The model describes in what percentage each document talks about each topic. A topic is represented as a weighted list of words.  

Now, we compute this weighted list of words below.

In [12]:
# Define LdaModel function
abstracts_lda = models.LdaModel(abstracts_corpus, id2word=abstracts_dict, num_topics = 10)

# Show Model results
from pprint import pprint
pprint(abstracts_lda.show_topics())

[(0,
  '0.008*"ownership" + 0.006*"financial" + 0.005*"shareholder" + '
  '0.005*"mechanism" + 0.005*"risk" + 0.005*"impact" + 0.005*"role" + '
  '0.005*"market" + 0.005*"control" + 0.004*"compensation"'),
 (1,
  '0.006*"risk" + 0.006*"shareholder" + 0.005*"financial" + 0.005*"value" + '
  '0.005*"market" + 0.005*"impact" + 0.004*"ownership" + 0.004*"mechanism" + '
  '0.004*"influence" + 0.004*"country"'),
 (2,
  '0.006*"financial" + 0.006*"shareholder" + 0.005*"market" + 0.005*"risk" + '
  '0.005*"value" + 0.005*"ownership" + 0.004*"mechanism" + '
  '0.004*"compensation" + 0.004*"influence" + 0.004*"practice"'),
 (3,
  '0.005*"shareholder" + 0.005*"value" + 0.005*"market" + 0.005*"risk" + '
  '0.005*"mechanism" + 0.004*"financial" + 0.004*"practice" + '
  '0.004*"ownership" + 0.004*"role" + 0.004*"structure"'),
 (4,
  '0.007*"shareholder" + 0.006*"financial" + 0.006*"risk" + 0.005*"structure" '
  '+ 0.005*"ownership" + 0.005*"market" + 0.004*"control" + 0.004*"value" + '
  '0.004*"mec

### 4c) Visualize LDA Model

In order to visualize the LDA-results, we apply the **`pyLDAvis`**, which is an interactive, specific LDA visualization package in python. 

The **area of circle** represents the **importance of each topic over the entire corpus**, the **distance** between the center of circles **indicate the similarity between topics**. 

For each topic, the histogram on the right side listed the top **30 most relevant terms**

Each bubble on the left-hand side represents topic.
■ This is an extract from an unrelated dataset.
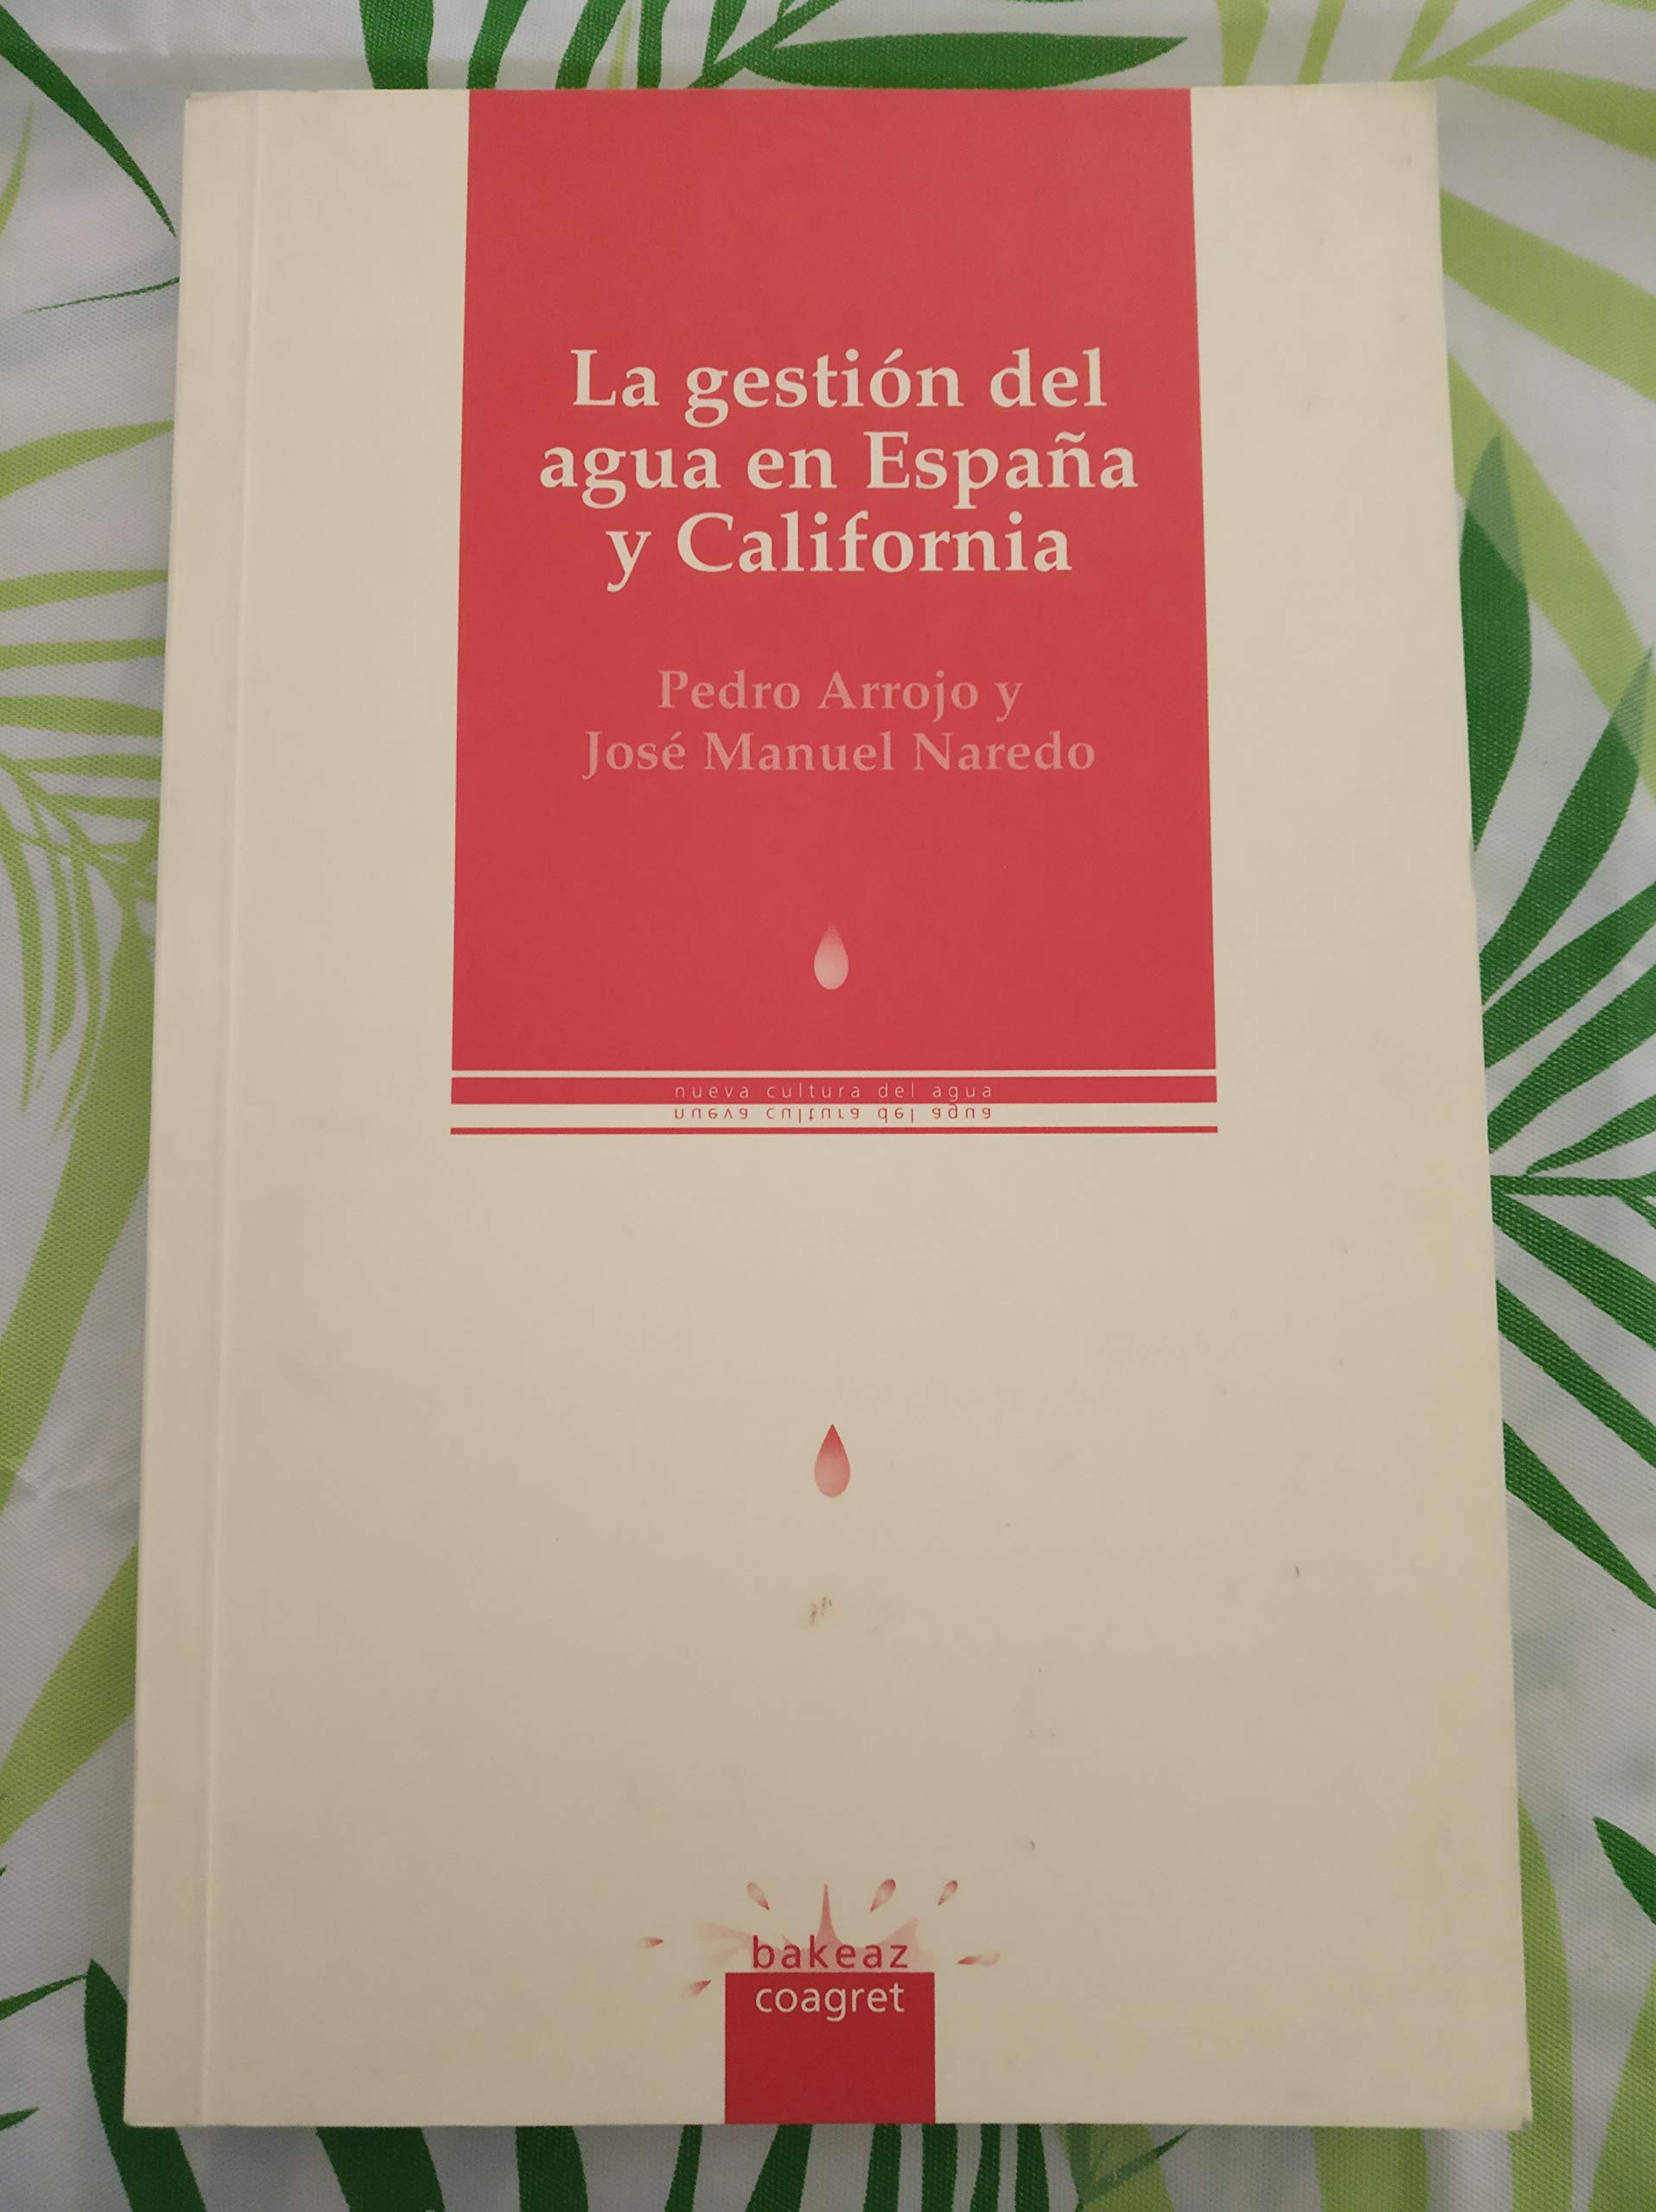 La gestion del agua en España y California: Amazon.es: Pedro Arrojo, Jose Manuel Naredo: Libros

The larger the bubble, the more prevalent or dominant the topic is. Good topic model will be fairly big topics scattered in different quadrants rather than being clustered on one quadrant.
- The model with too many topics will have many overlaps, small sized bubbles clustered in one region of chart.
- If you move the cursor the different bubbles you can see different keywords associated with topics.

In [13]:
# Import pyLDAvis 
!pip install pyLDAvis==2.1.2
import pyLDAvis.gensim

# Visualize 
pyLDAvis.enable_notebook()

vis = pyLDAvis.gensim.prepare(abstracts_lda, abstracts_corpus, abstracts_dict, R = 30) # arguments "R", "mds"

vis



  from collections import Iterable
  head(R).drop('saliency', 1)


### 4d) Interpreting the LDA Visualization

**`LDAvis`** attempts to answer some basic questions about the fitted model:
- (1) What is the meaning of each topic?, 
- (2) How prevalent is each topic?, and 
- (3) How do the topics relate to each other? 
- (4) Are our topics **interpretable**?
- (5) Are our topics **unique**? (two different topics have different words)
- (6) Are our topics **exhaustive**? (are all your documents well represented by these topics?)
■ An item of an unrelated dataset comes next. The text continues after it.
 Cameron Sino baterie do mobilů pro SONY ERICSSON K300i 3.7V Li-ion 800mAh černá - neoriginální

Different visual components answer each of these questions, some of which are original, and some of which are borrowed from existing tools.

####**Intertopic Distance Map**: 
presents a global view of the topic model, and answers questions 2 and 3.
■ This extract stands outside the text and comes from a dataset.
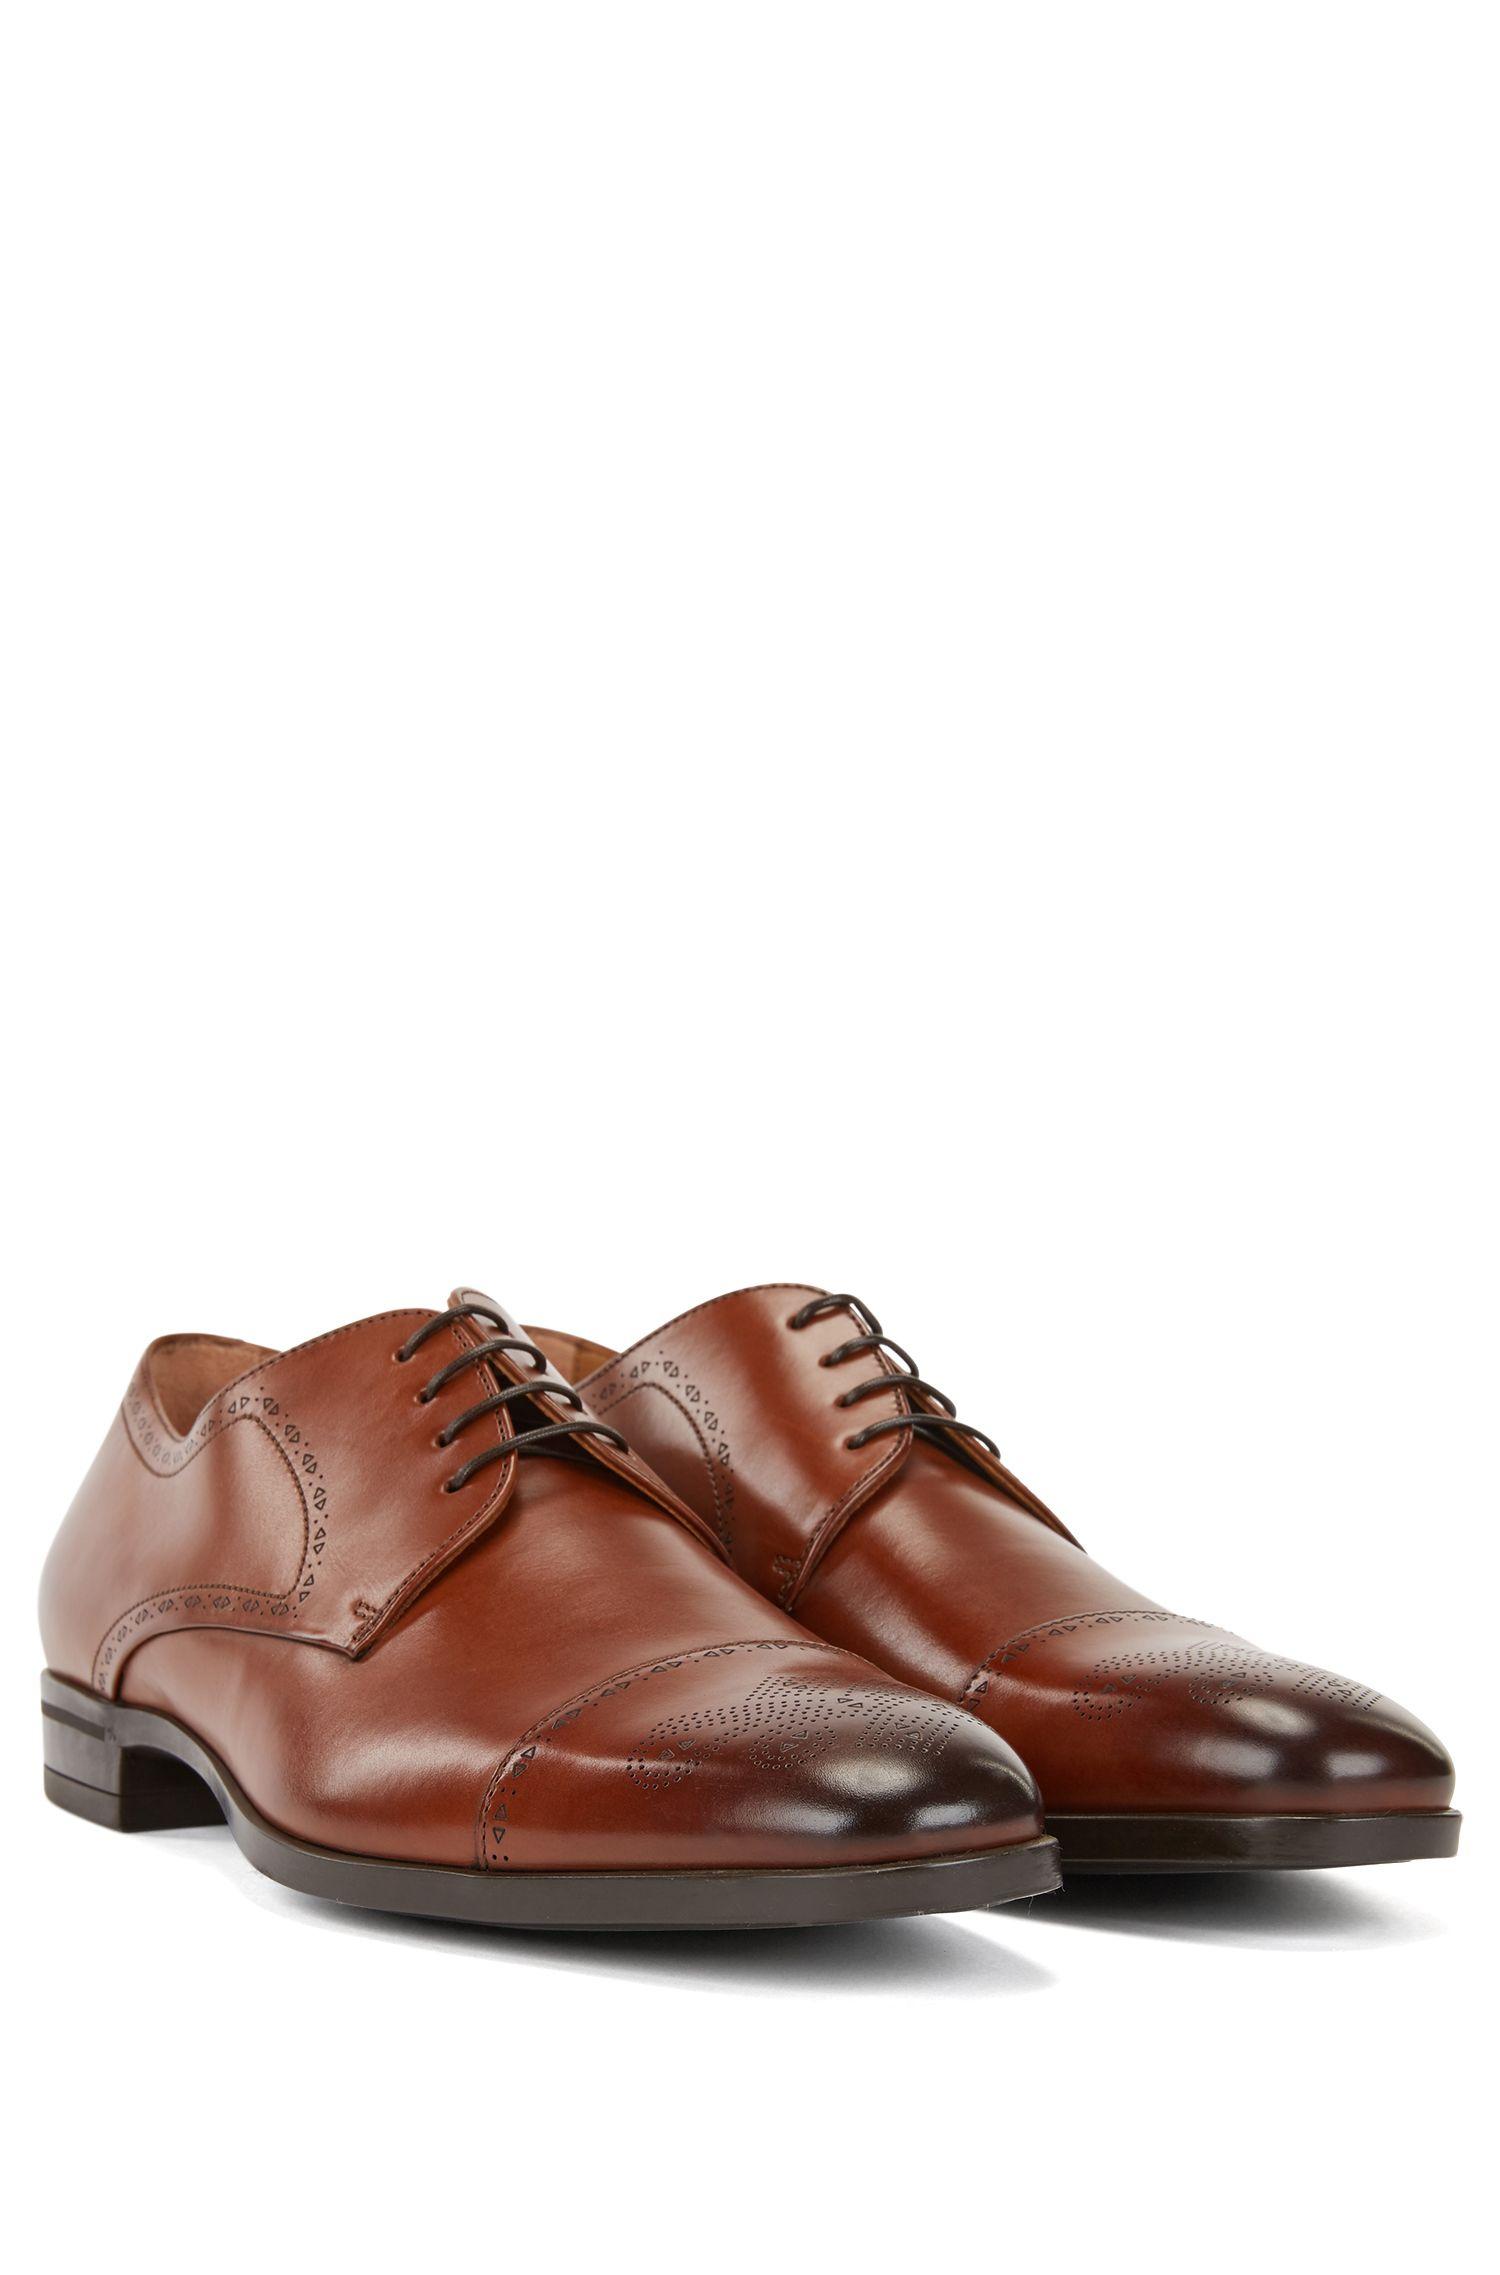 Chaussures derby en cuir poli découpé au laser, avec détails richelieu, Marron

#### **Horizontal Bar chart**: 
represent the individual terms that are the most useful for interpreting the currently selected topic on the left. A pair of overlaid bars represent both the corpus-wide frequency of a given term as well as the topic-specific frequency of the term.

The left and right panels of our visualization are linked such that selecting a topic (on the left) reveals the most useful terms (on the right) for interpreting the selected topic.

In addition, selecting a term (on the right) reveals the conditional distribution over topics (on the left) for the selected term.

A key innovation of our system is how we determine the most useful terms for interpreting a given topic, and how we allow users to interactively navigate.

## 5) Evaluate the LDA Model

Now, that we clustered the text corpus into ten topics based on co-occurrence of tokens, we want to know how centric a certain topic is based on the entire text corpus.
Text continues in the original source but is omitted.